District Court of Appeal of Florida, Fifth District
Jan 10, 1990
554 So. 2d 553 (Fla. Dist. Ct. App. 1990)

Opinion

No. 88-1946.

November 30, 1989. Rehearing Denied January 10, 1990.

Appeal from the Circuit Court, Citrus County, John P. Thurman, J.

James B. Gibson, Public Defender, and Barbara C. Davis, Asst. Public Defender, Daytona Beach, for appellant.

Robert A. Butterworth, Atty. Gen., Tallahassee, and Dee R. Ball, Asst. Atty. Gen., Daytona Beach, for appellee.

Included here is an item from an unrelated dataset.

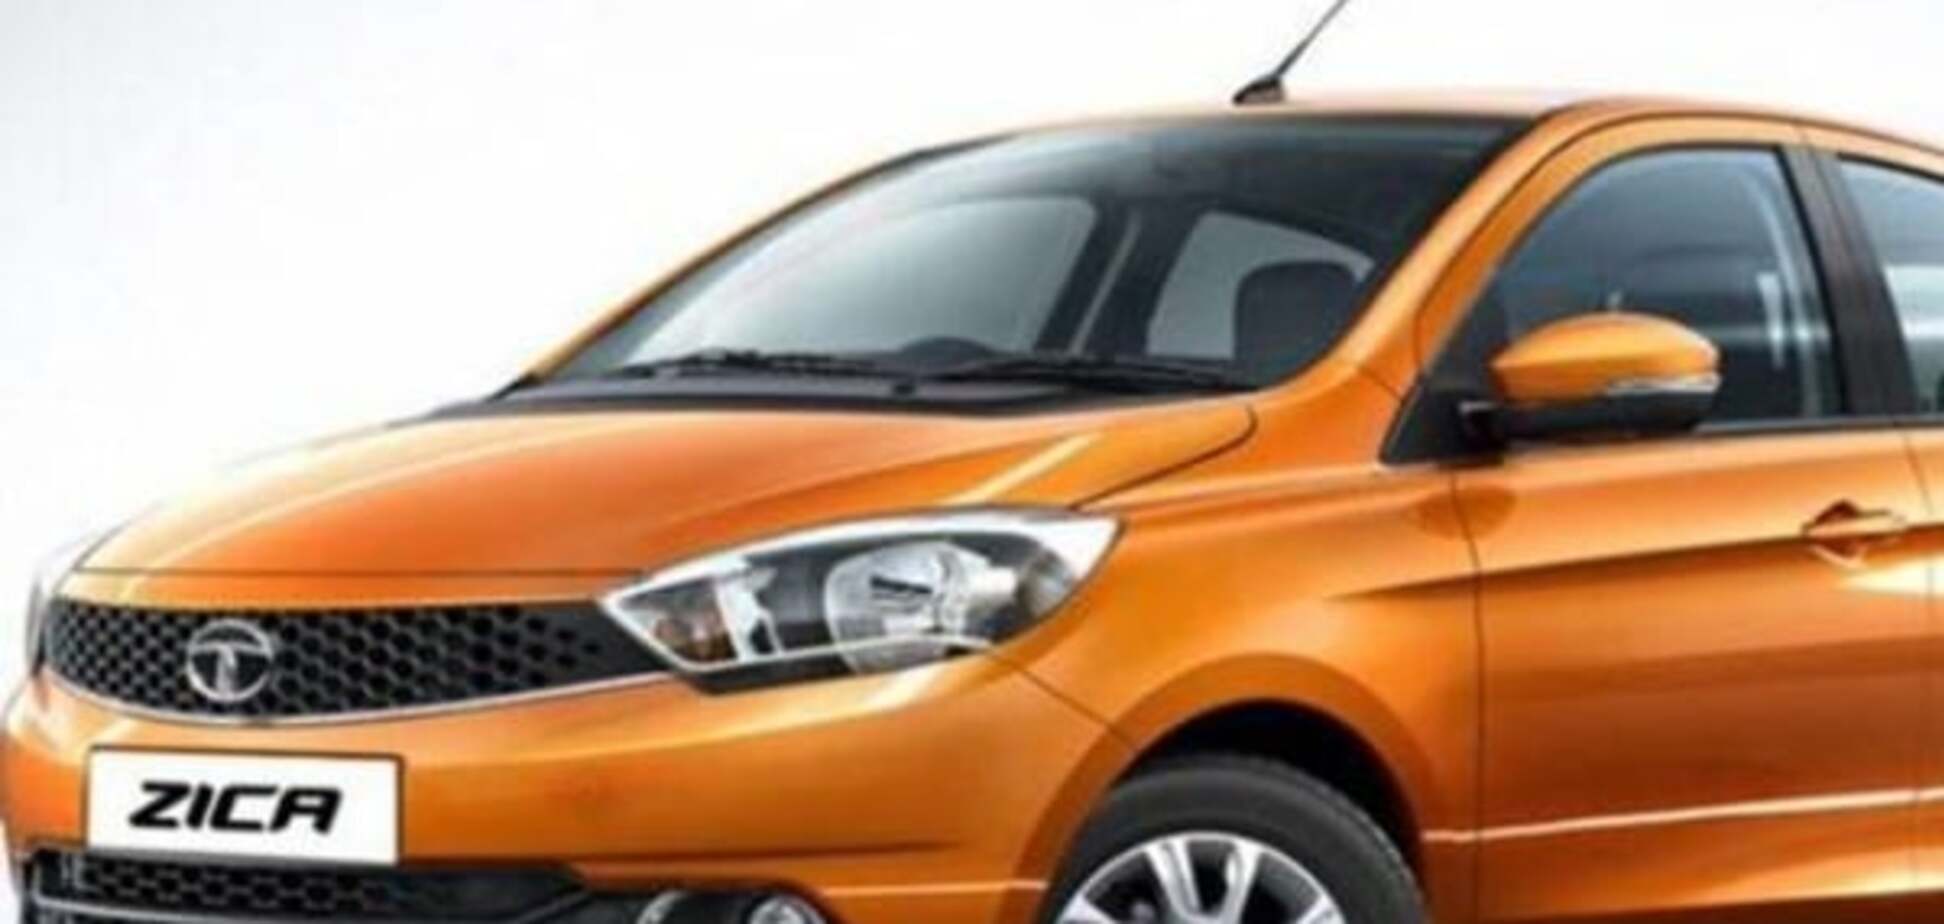 Компания Tata Motors переименует модель авто из-за опасного вируса

Ash appeals from his sentences imposed for theft of a truck and burglary. The State concedes that both of these crimes are third degree felonies for which the statutory maximum sentence is five years each, respectively. The trial court sentenced Ash to two concurrent 10 year prison terms. Based on the scoresheet at sentencing (190 points), Ash's presumptive sentence under the guidelines was 12 to 17 years. We quash the sentences and remand for resentencing.

§ 812.014(2)(c)4., Fla. Stat. (1987).

On remand, this judgment should be corrected to show reference to the proper criminal statute, i.e., section 812.012(2)(c)4., rather than section 812.014(2)(b), Florida Statutes (1987).

Florida Rule of Criminal Procedure 3.701 d.10. provides that if the recommended guidelines sentence exceeds the statutory maximum "the statutory maximum should be imposed." See State v. Thomas, 528 So.2d 1274 (Fla. 3d DCA 1988); State v. Martin, 502 So.2d 1371 (Fla. 2d DCA 1987). Thus, the court must impose 5 year sentences for the two crimes for which Ash was convicted. But, in its discretion, it may choose to have them run consecutively.

We reject Ash's additional argument that he should have been sentenced for these two crimes simultaneously with, and on the basis of, the same scoresheet as two unrelated crimes committed in Marion County. The instant crimes were committed in Citrus County, within the same circuit as Marion County. We have not required simultaneous sentencing for all offenses pending before the same circuit. Rather, we restrict the application of Florida Rule of Criminal Procedure 3.701 d.1. to convictions pending for sentencing in the same county. See Rice v. State, 546 So.2d 784 (Fla. 5th DCA 1989); Allen v. State, 543 So.2d 347 (Fla. 5th DCA 1989); Gallagher v. State, 476 So.2d 754 (Fla. 5th DCA 1985).

Florida Rule of Criminal Procedure 3.701 d.1. provides:
One guideline scoresheet shall be utilized for each defendant covering all offenses pending before the court for sentencing. The state attorney's office will prepare the scoresheets and present them to defense counsel for review as to accuracy in all cases unless the judge directs otherwise. The sentencing judge shall approve all scoresheets.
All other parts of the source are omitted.